### EXERCISE PROMPT
In the material below, find the line with "AKB48, BOMB! 2018" and the line with "21 Kinnane Court, Ballarat", then output both and every line between them exactly, omitting pictures.

--- DATA SHOWN Enclosed Below ---

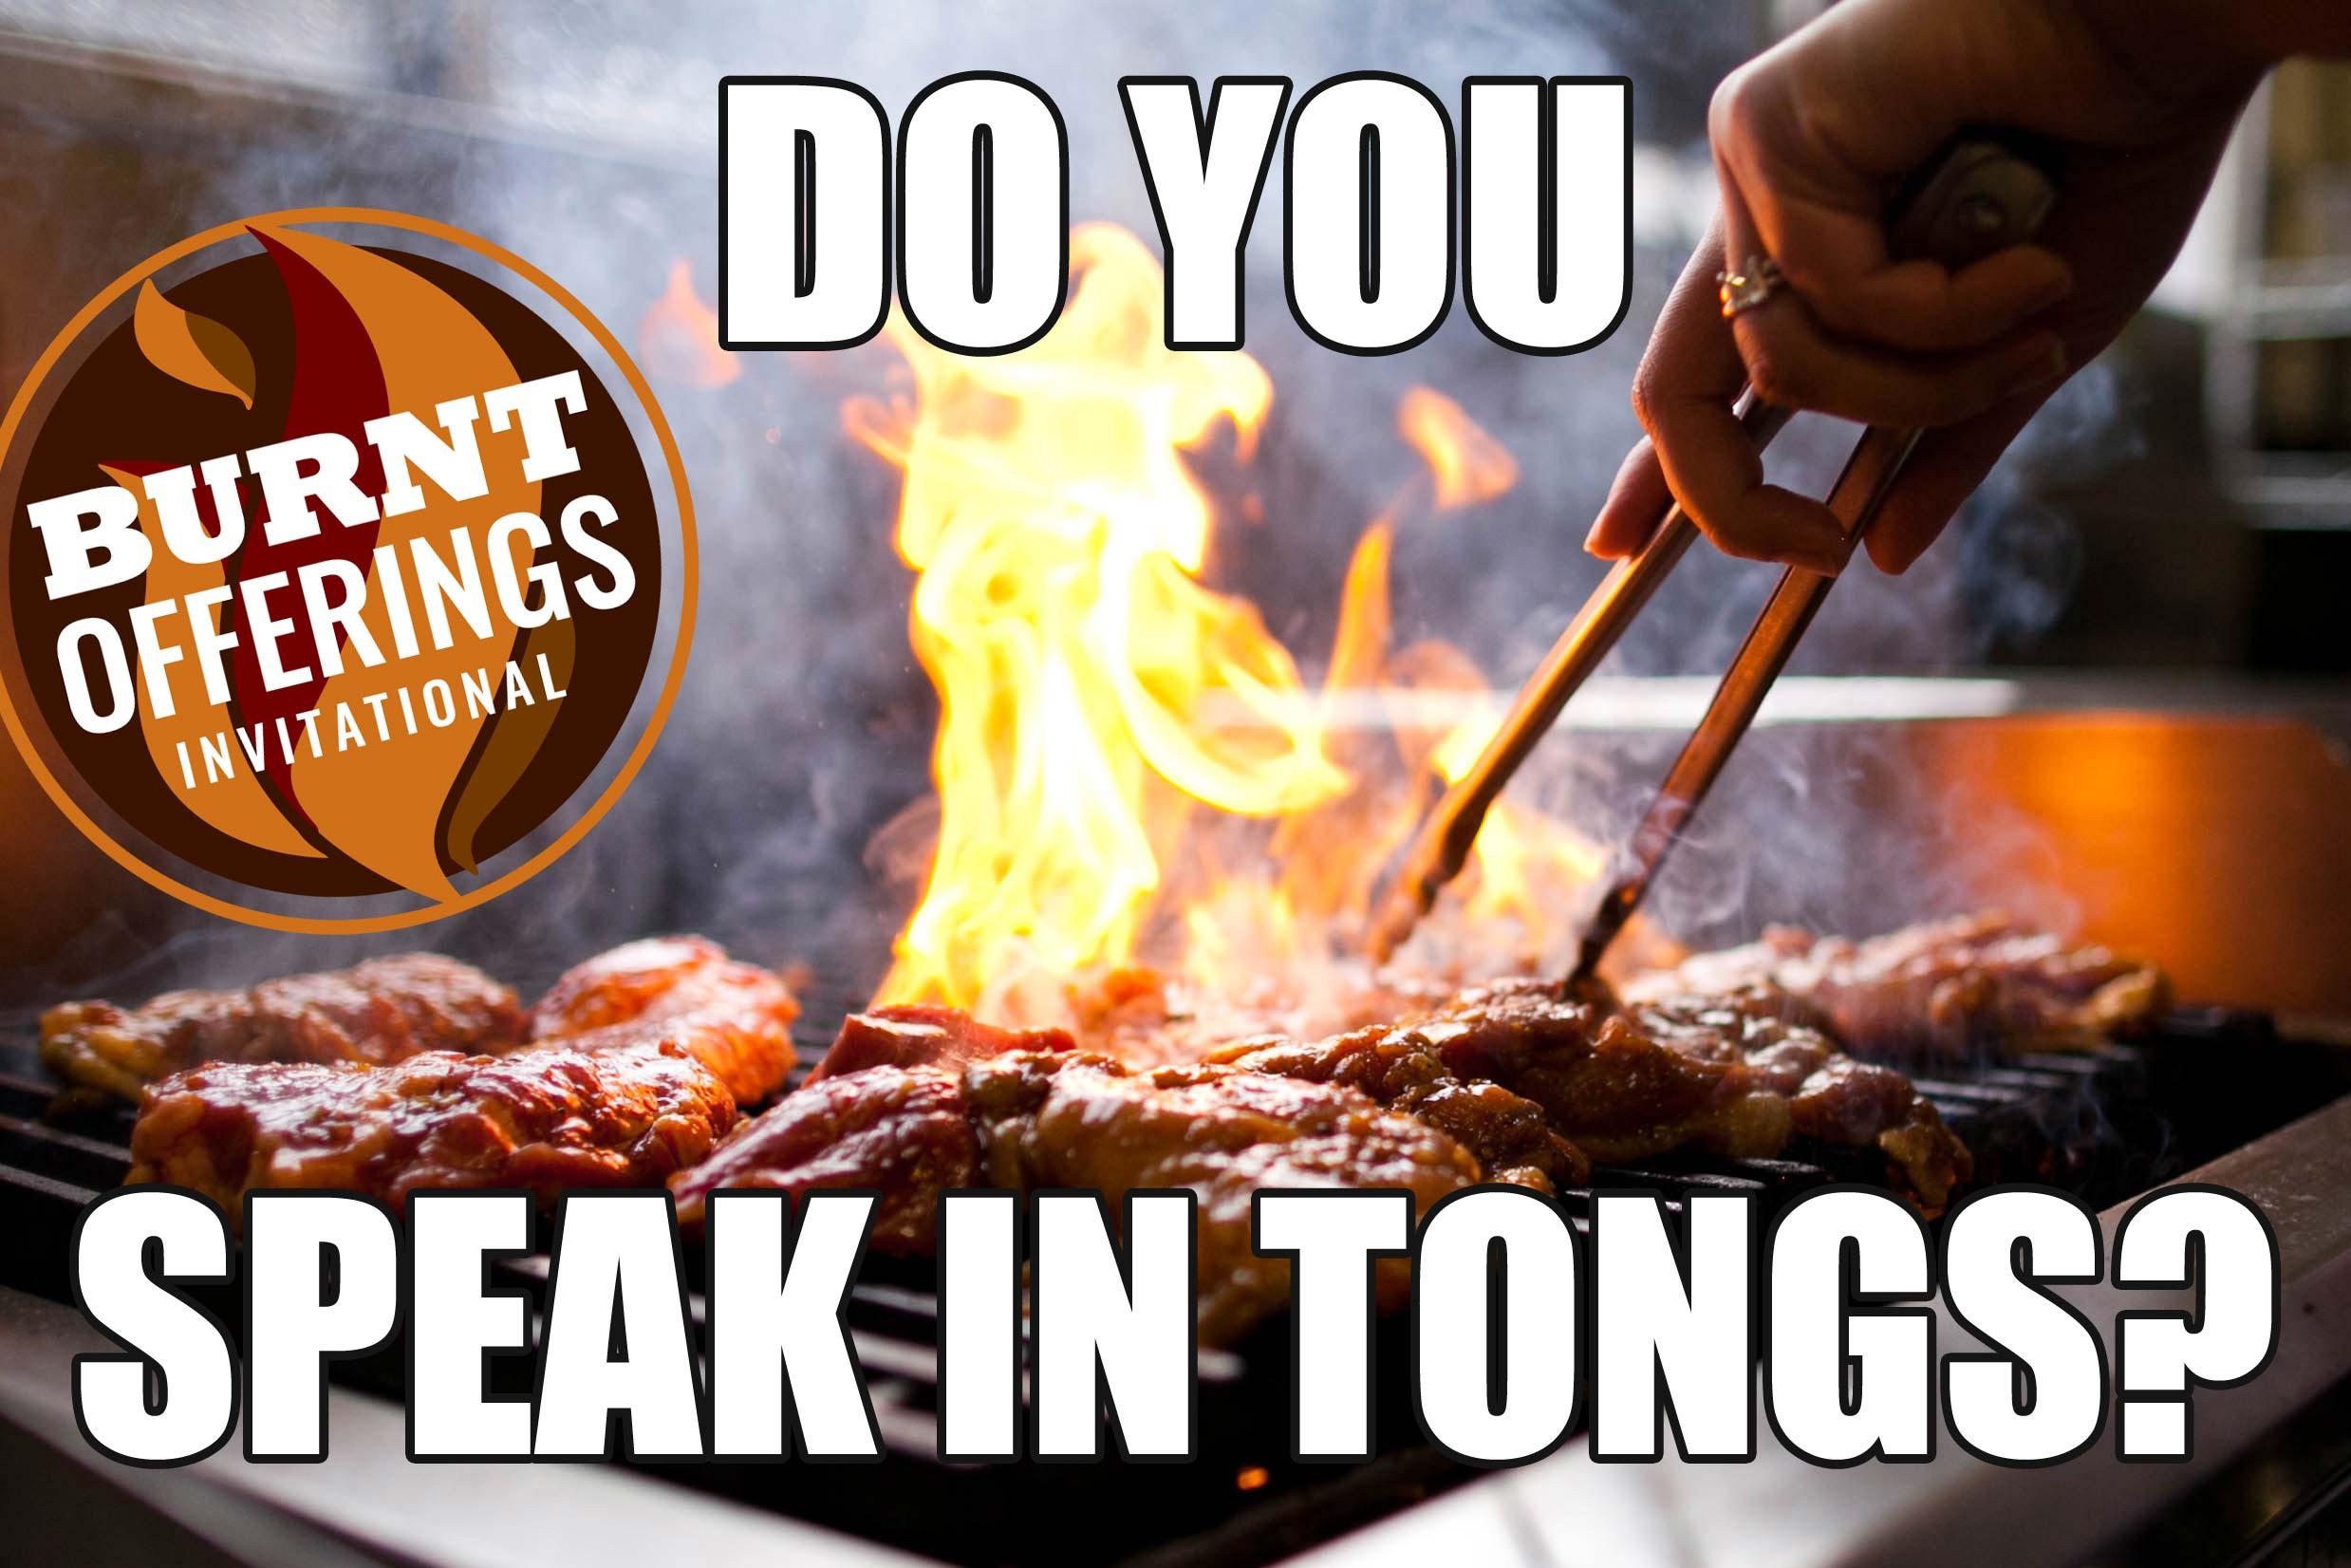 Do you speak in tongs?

--- End of Enclosed DATA SHOWN ---
--- DATA SHOWN Enclosed Below ---

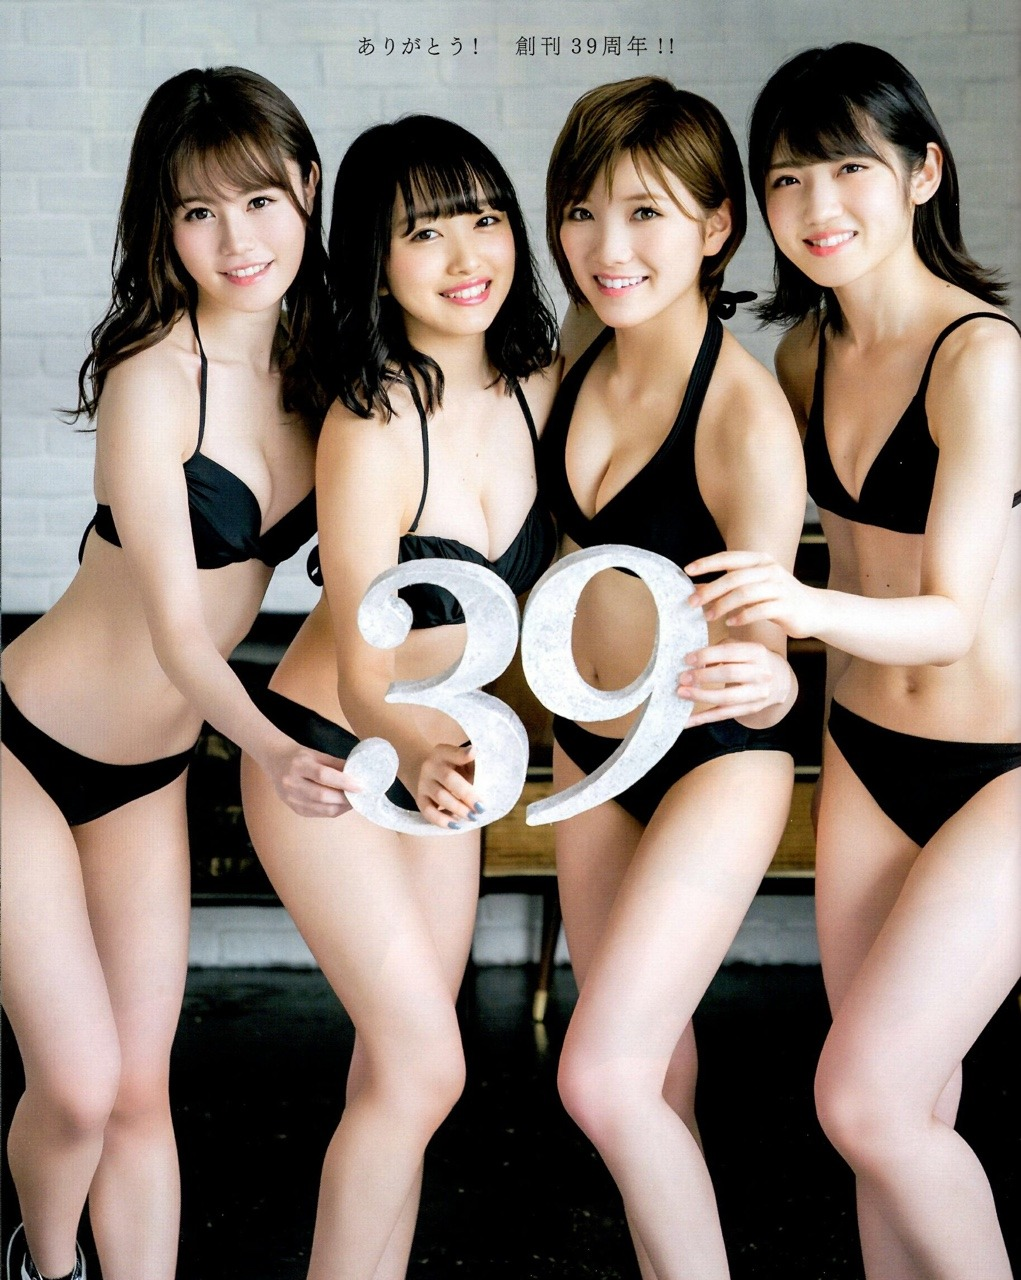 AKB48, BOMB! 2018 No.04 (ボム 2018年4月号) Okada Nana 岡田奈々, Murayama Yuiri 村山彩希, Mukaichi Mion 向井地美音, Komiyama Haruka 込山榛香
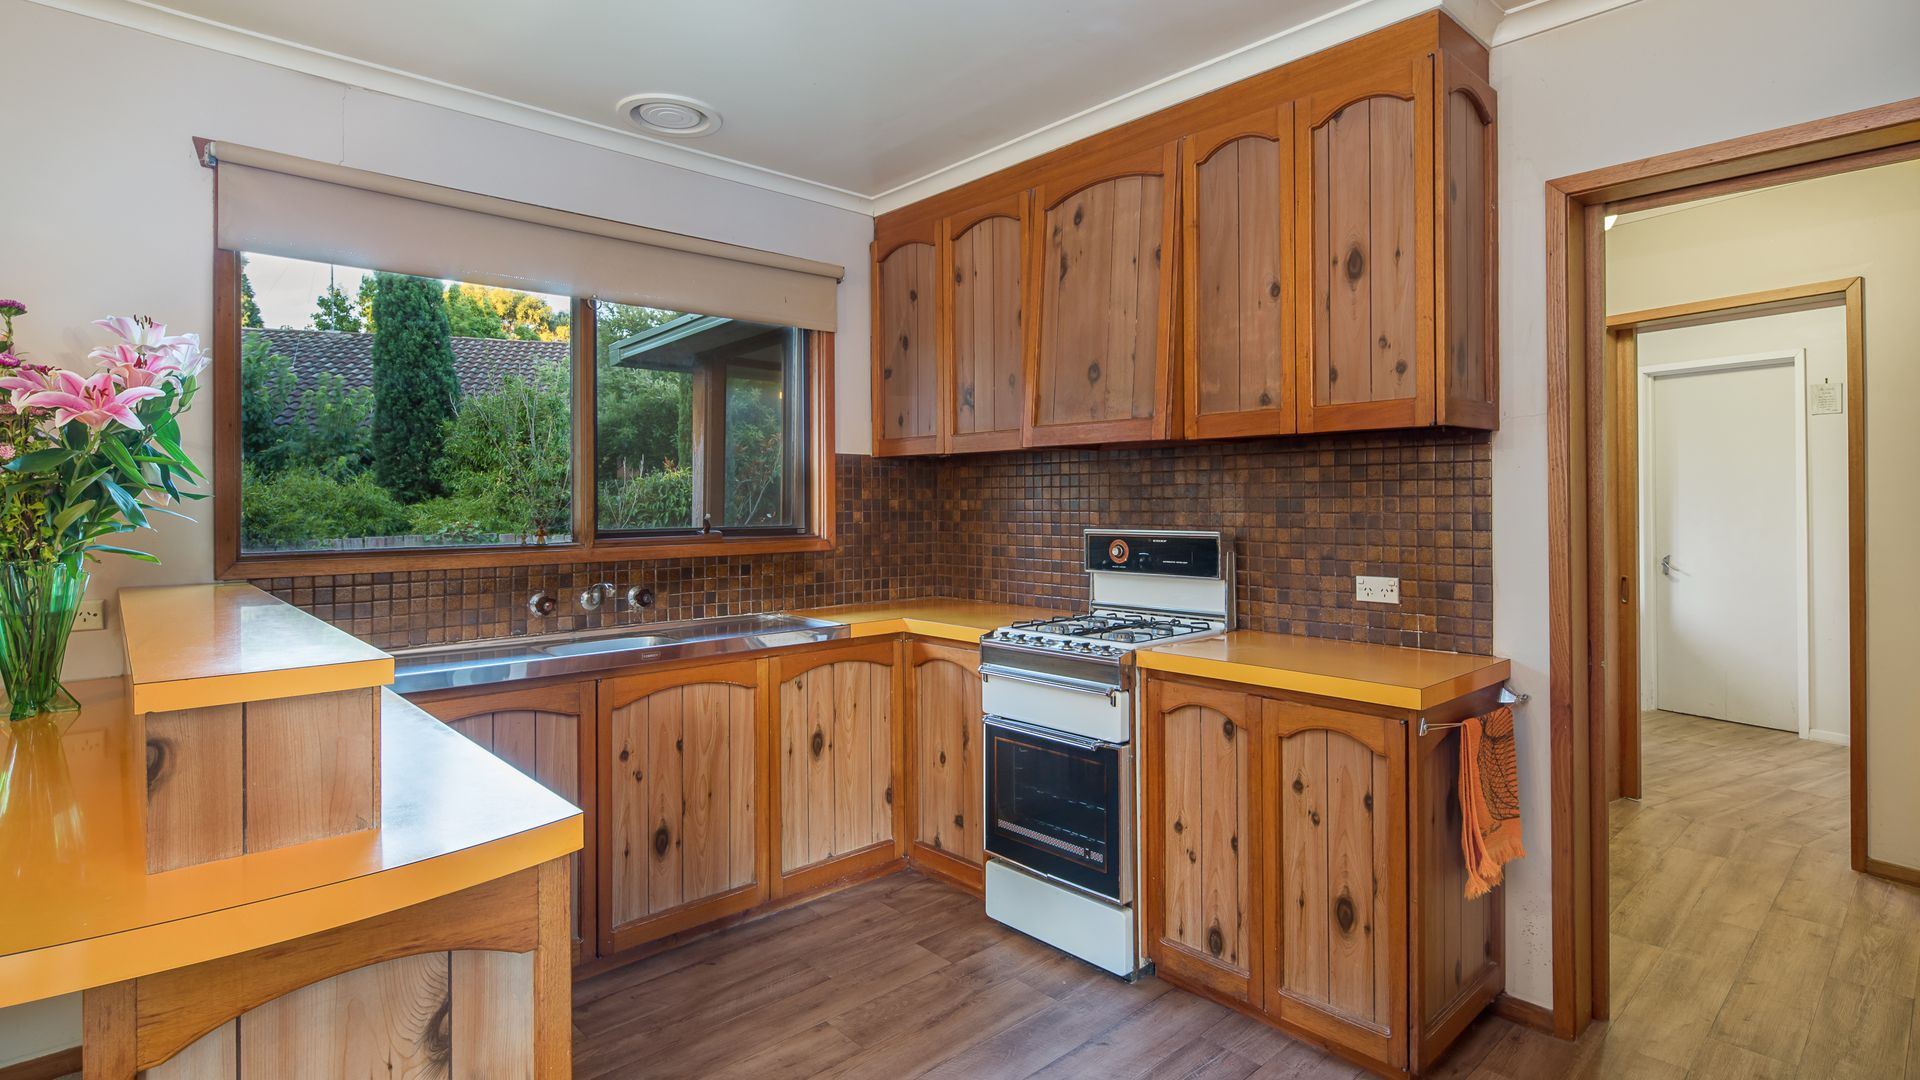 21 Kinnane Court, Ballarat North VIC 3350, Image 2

--- End of Enclosed DATA SHOWN ---
--- DATA SHOWN Enclosed Below ---

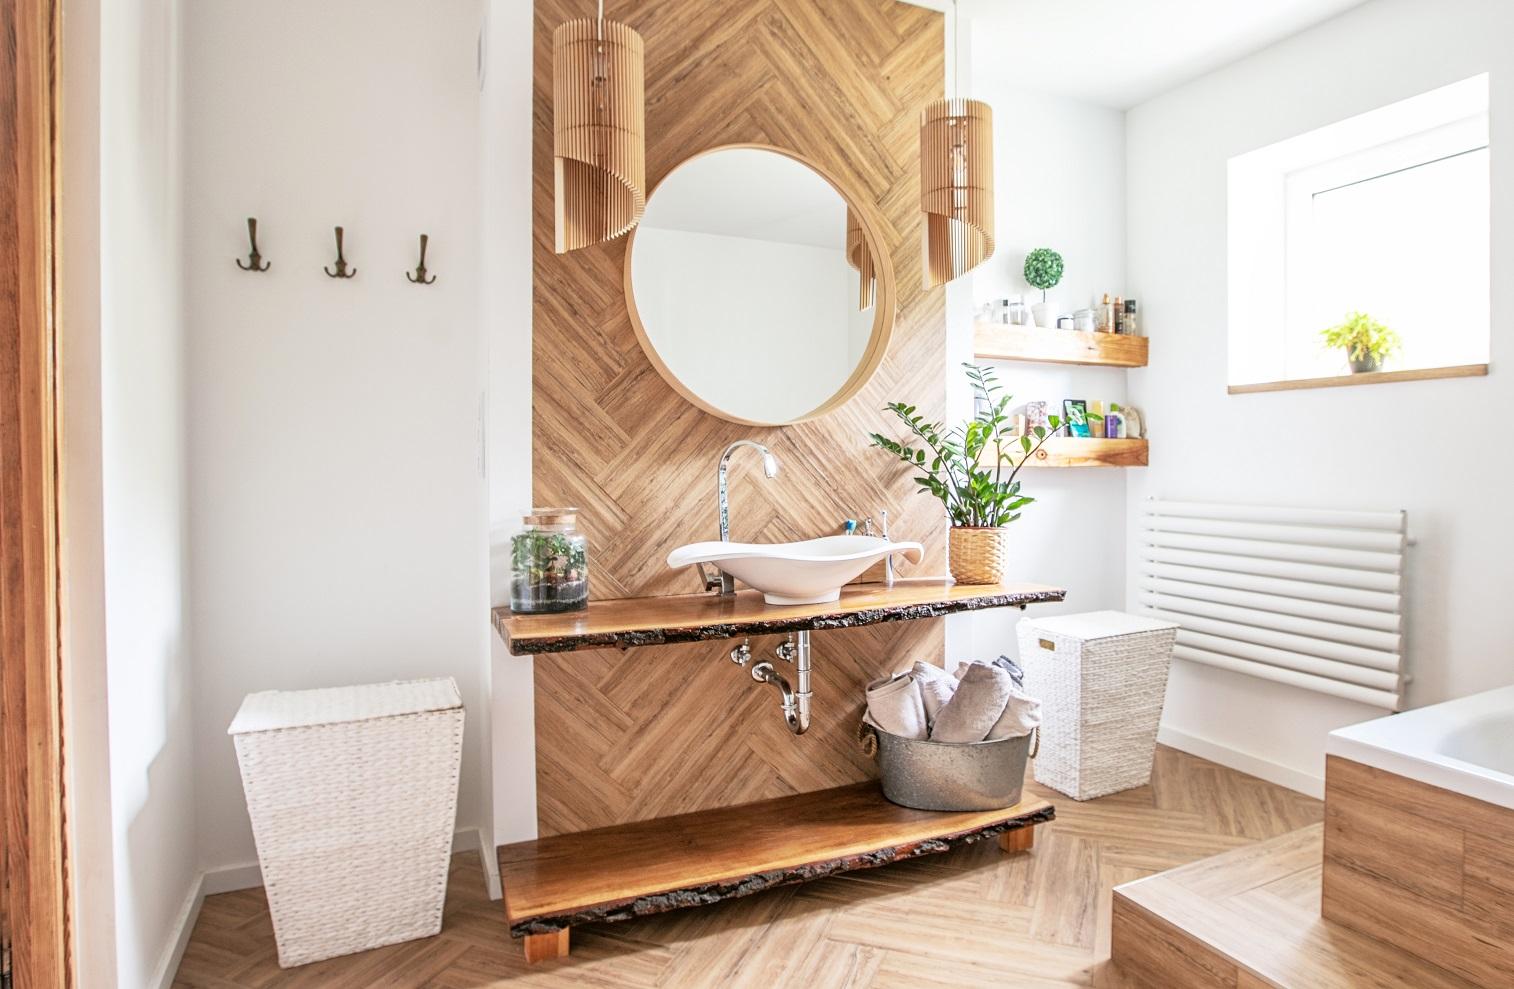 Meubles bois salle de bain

--- End of Enclosed DATA SHOWN ---

### REPLY
 AKB48, BOMB! 2018 No.04 (ボム 2018年4月号) Okada Nana 岡田奈々, Murayama Yuiri 村山彩希, Mukaichi Mion 向井地美音, Komiyama Haruka 込山榛香
 21 Kinnane Court, Ballarat North VIC 3350, Image 2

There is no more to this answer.